● Assigned task
Make an exact copy of the whole listing, but leave its pictures out.

● Data provided
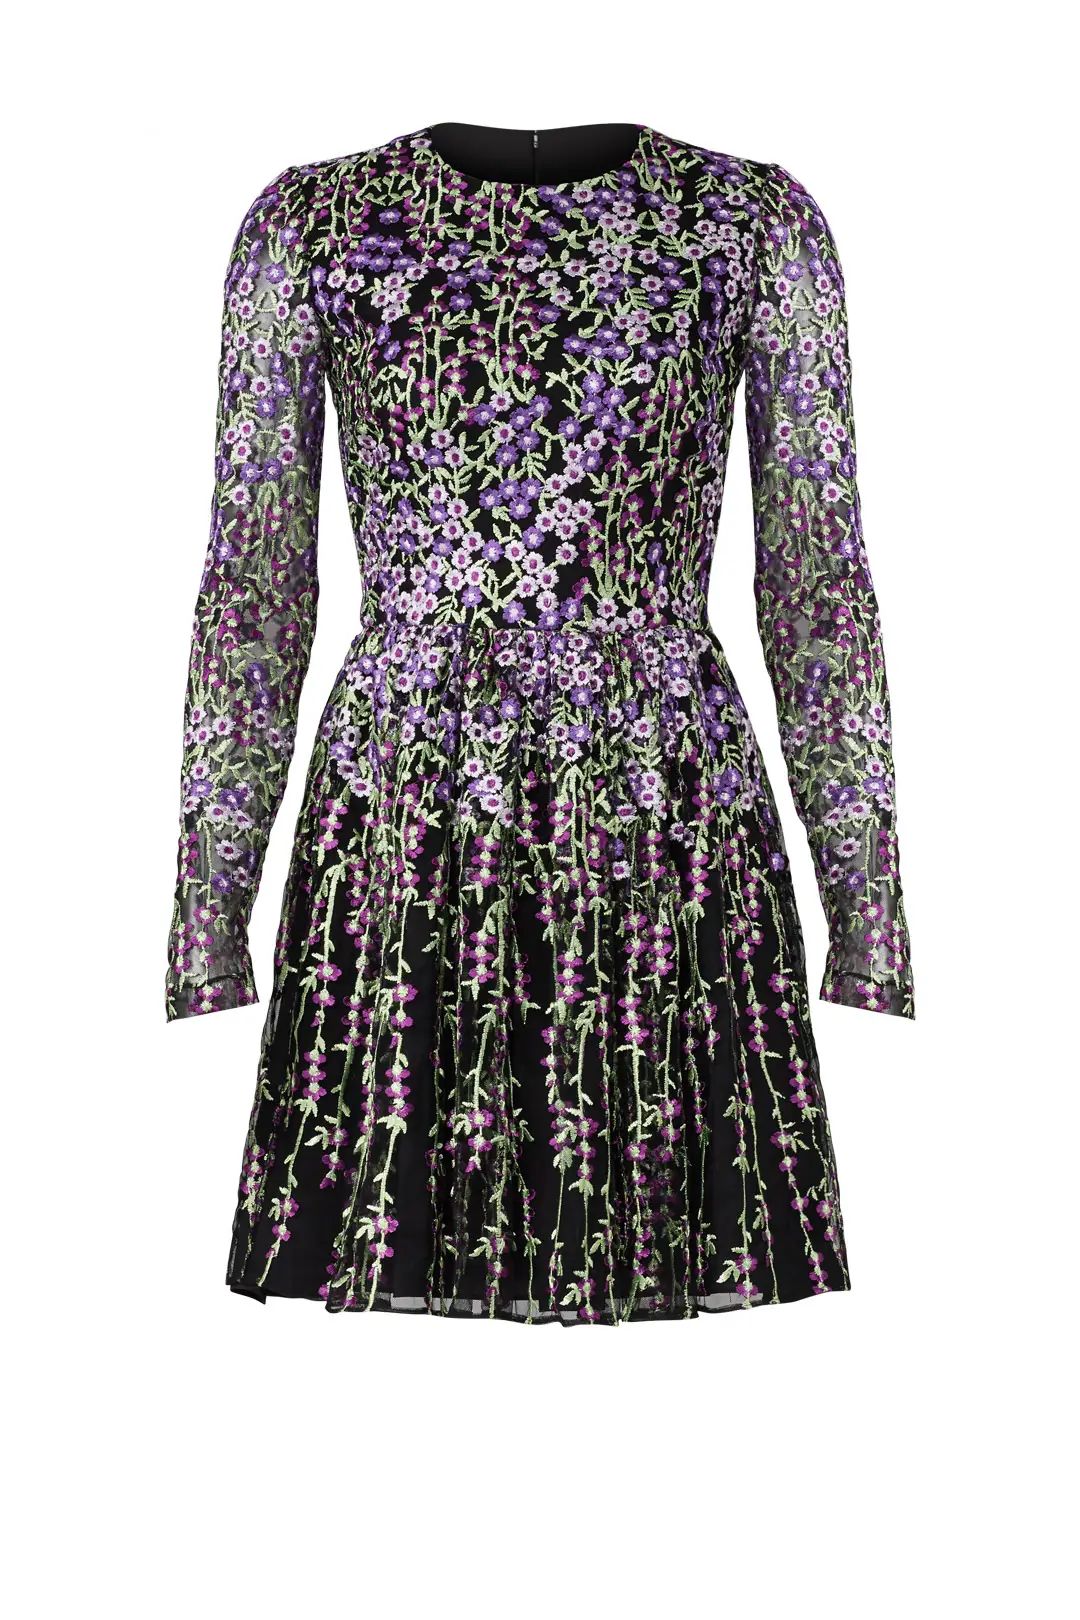 Badgley Mischka Purple Floral Dress | Rent The Runway
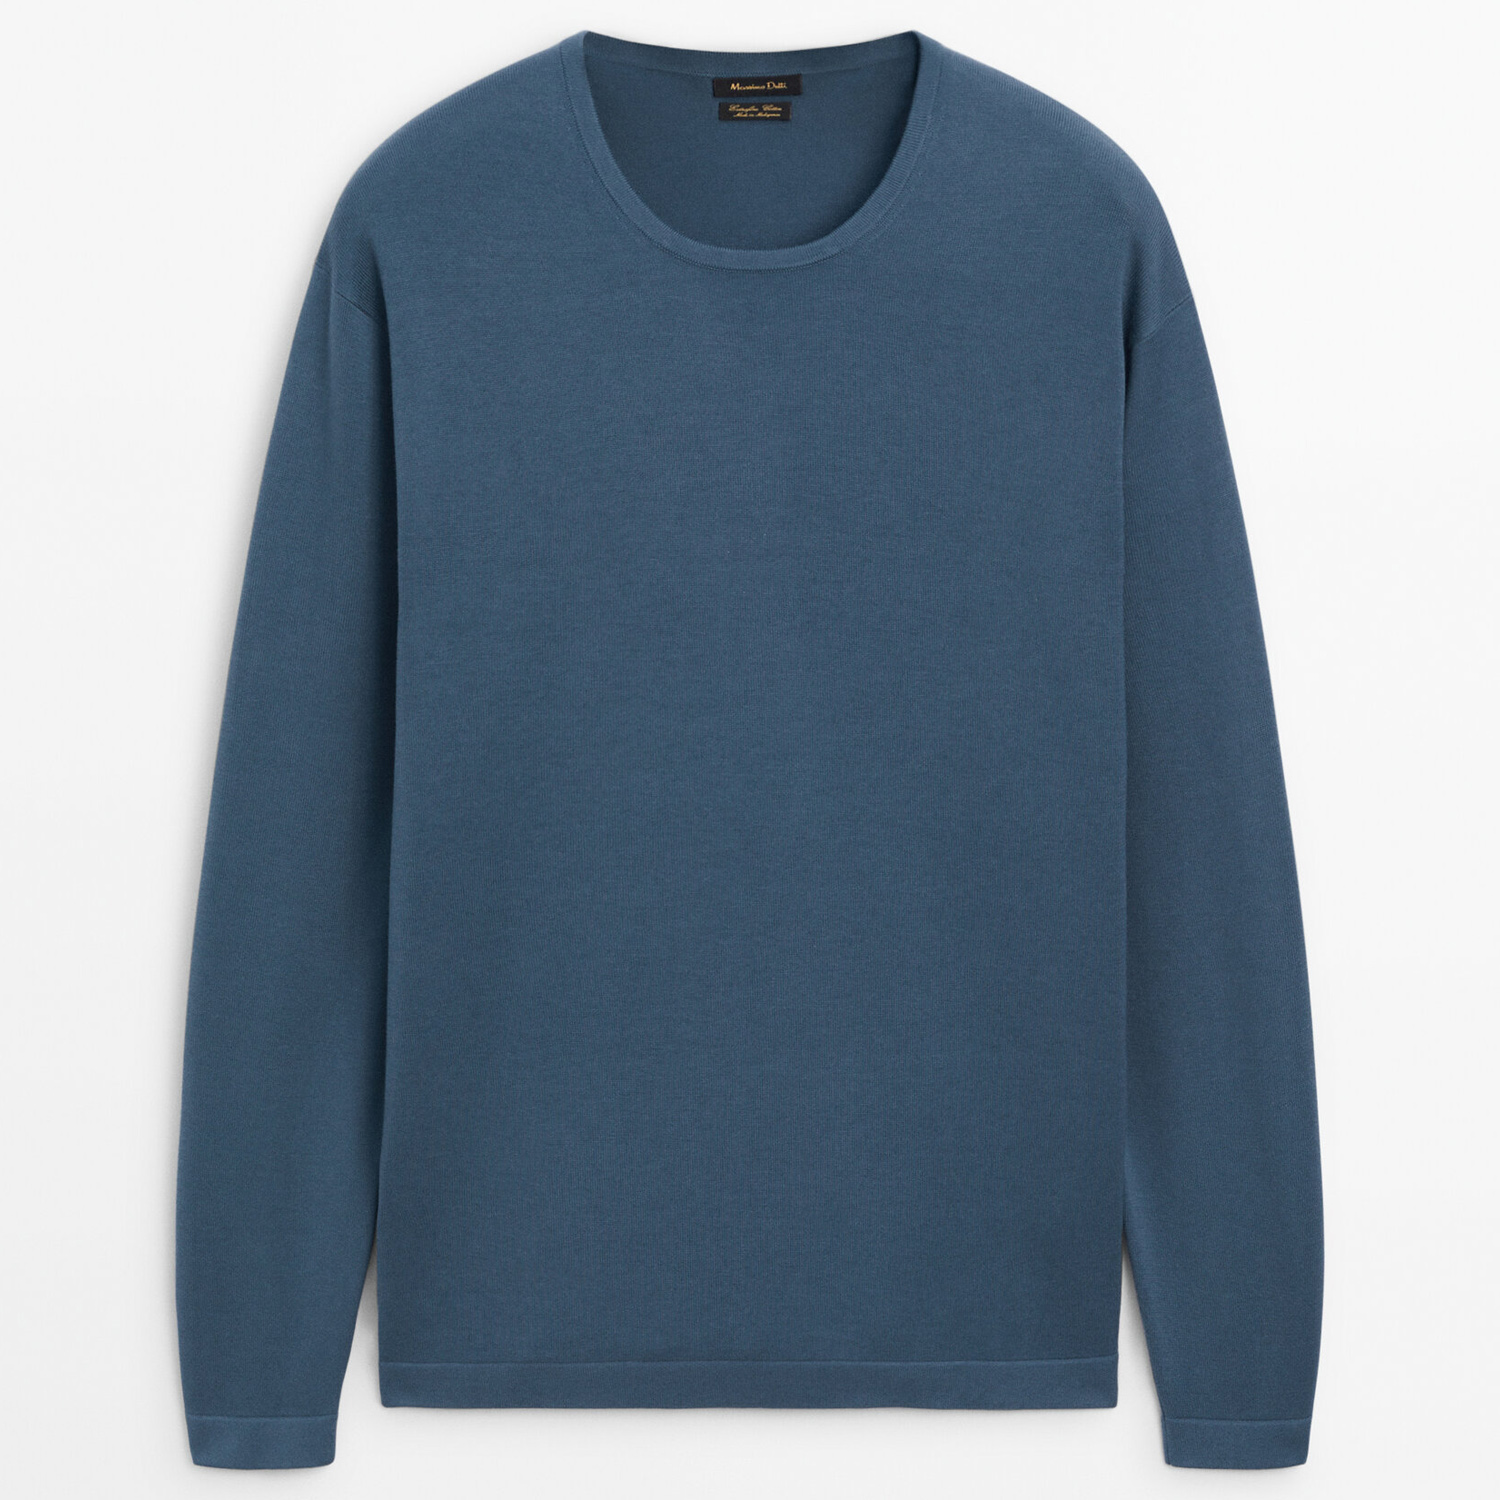 Свитер Massimo Dutti Crew Neck Knit, синий свитер massimo dutti crew neck knit кремовый
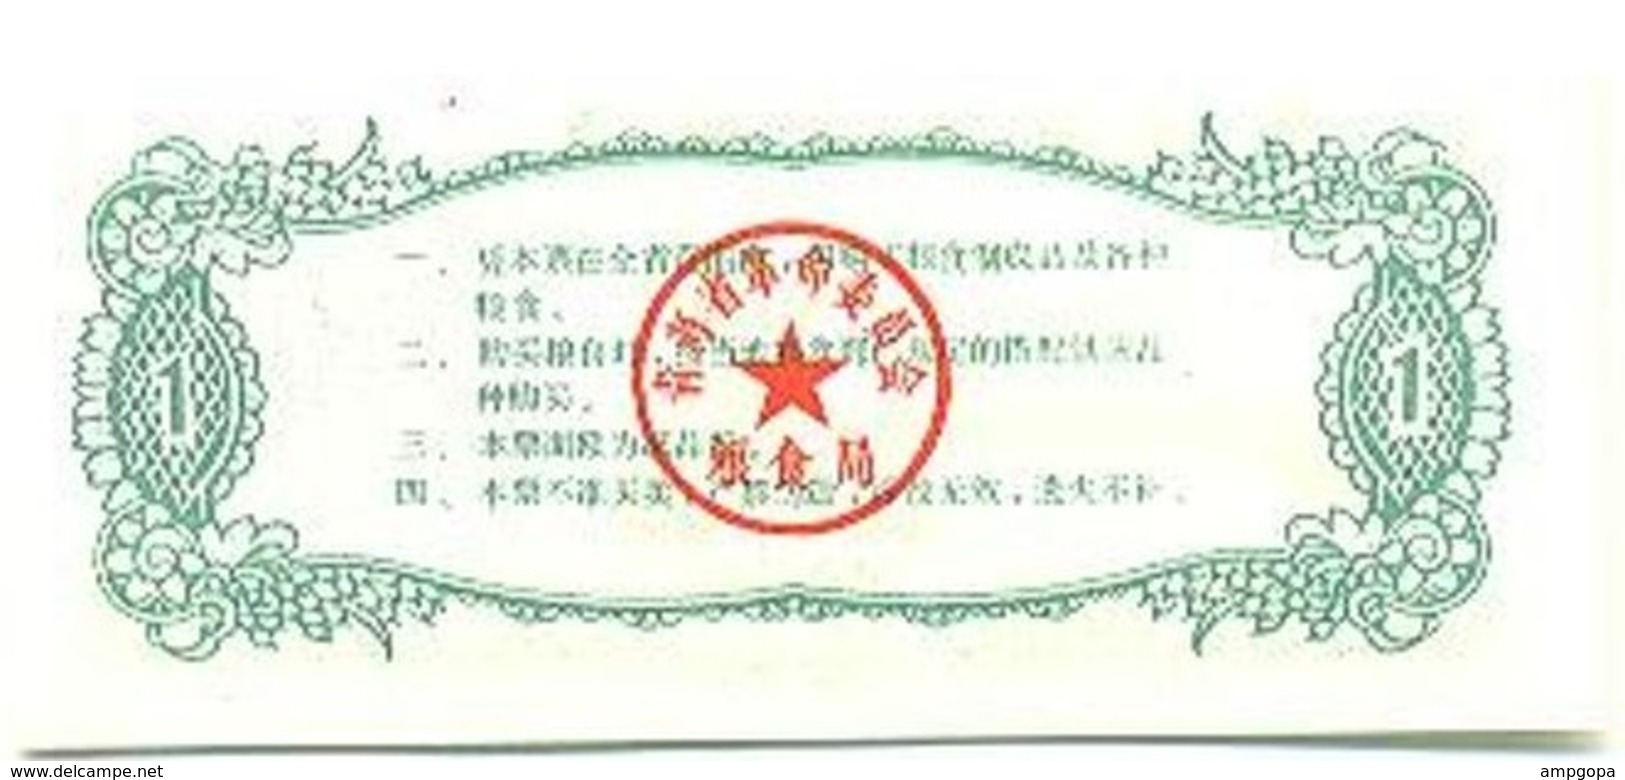 China 1 Jin Qinghai 1975 Ref 413-1 UNC - China

● Answer
 Badgley Mischka Purple Floral Dress | Rent The Runway
 Свитер Massimo Dutti Crew Neck Knit, синий свитер massimo dutti crew neck knit кремовый
 China 1 Jin Qinghai 1975 Ref 413-1 UNC - China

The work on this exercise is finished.